Daniel Panizzi, presidente Uvibra
Diretor da Uvibra, Daniel Panizzi, destaca preocupação do setor e concorrência desleal com vinhos europeus no mercado interno; entidade defende igualdade de competição. Foto: Edith Auler

Essa distorção tributária já produz efeitos concretos que vão além das vinícolas. Panizzi estima que o contrabando e as falsificações movimentam cerca de R$ 5 bilhões no país, com evasão fiscal superior a R$ 1 bilhão. “A tributação atual impacta diretamente na saúde pública, pois temos o aumento do contrabando e das falsificações”, alerta o presidente da Uvibra.

Nordeste e produção de vinho no Vale do São Francisco no radar do impacto

O Vale do São Francisco, que se estende por parte do território de Pernambuco e da Bahia, é hoje responsável por 25% de toda a produção de uva do Brasil. A região consolidou nas últimas décadas uma identidade própria na vitivinicultura nacional, com produção em clima semiárido e colheitas que podem ocorrer duas vezes ao ano, considerada uma singularidade que atrai investimentos e impulsiona o enoturismo.

Daniel alerta que no Nordeste, o acordo UE Mercosul terá seus benefícios, mas impõe mais desafios. Atualmente, a região possui também uma cadeia de enoturismo na Bahia, na região da Chapa Diamantina, que reúne cinco vinícolas, além de vinhos que são produzidos por produtores locais no Sertão da Paraíba e em Sergipe, por exemplo.

Ampliando o olhar para o setor de vinhos brasileiros, há pelo menos quatro regiões formadas no país que produzem vinho. “Hoje são mais de 25 mil famílias em 17 estados que produzem uva e envazam vinhos e espumantes. Fora que existe uma cadeia de mais de 50 setores da economia que são diretamente impactados pelo vinho, desde o turismo, agronegócio, serviços”, avaliou o membro da Uvibra.

No Vale do São Francisco, esse ecossistema tem potencial ainda em expansão, com a agricultura familiar e o enoturismo como vetores de desenvolvimento regional. O Vale do São Francisco também tem potencial exportador de uva in natura, segmento que poderia ser beneficiado pelo acordo. No entanto, Panizzi chama atenção para uma lacuna relevante nas negociações: o Brasil é líder mundial na produção de suco de uva, mas o produtoficou fora do texto final, uma oportunidade de exportação desperdiçada, segundo avaliação do presidente da Uvibra.

“O vinho brasileiro precisa hoje de um olhar mais detalhado“, defende, informando que a Uvibra segue em articulação com parlamentares para apresentar as demandas do setor e buscar condições mais equilibradas de competição.

Uva Vale do São Francisco
Vale do São Francisco responde atualmente por 25% da produção de uva do Brasil e tem se consolidado como polo produtor de vinhos. Foto: Divulgação

Acordo prevê ganhos no PIB brasileiro

Se para o setor vitivinícola o acordo impõe mais cautela do que otimismo, as projeções macroeconômicas apontam em outra direção.

Do ponto de vista econômico, projeções do Ipea estimam crescimento de 0,46% no PIB brasileiro até 2040, com ganhos acumulados nas exportações para a União Europeia de até US$ 11,6 bilhões.

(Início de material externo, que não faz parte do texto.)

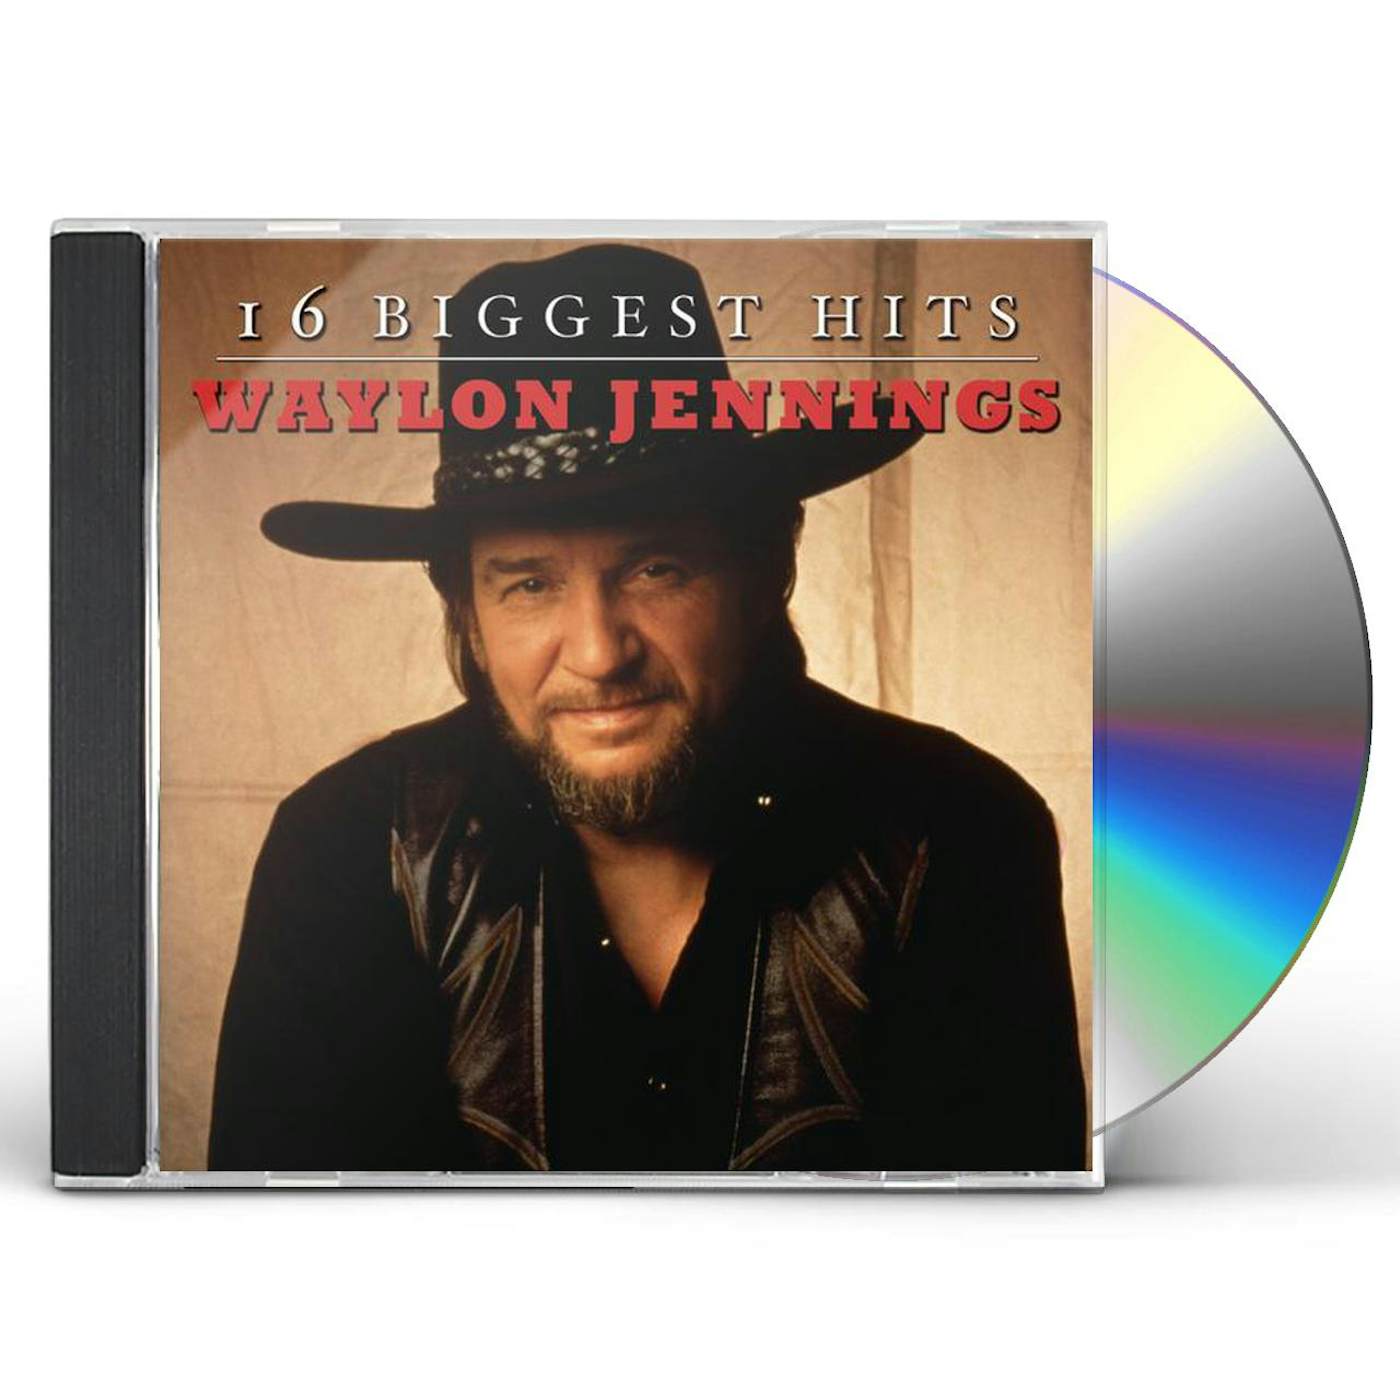 Waylon Jennings 16 BIGGEST HITS CD

Os setores mais beneficiados devem ser o agronegócio, com alta estimada de 6,7% nas exportações, e a indústria de transformação, com crescimento de 26,6%. Apesar do avanço, o acordo ainda enfrenta resistências políticas dentro do bloco europeu, principalmente na França, Polônia, Itália, Países Baixos e Áustria, que manifestam reservas, principalmente em relação ao impacto sobre o setor agropecuário europeu.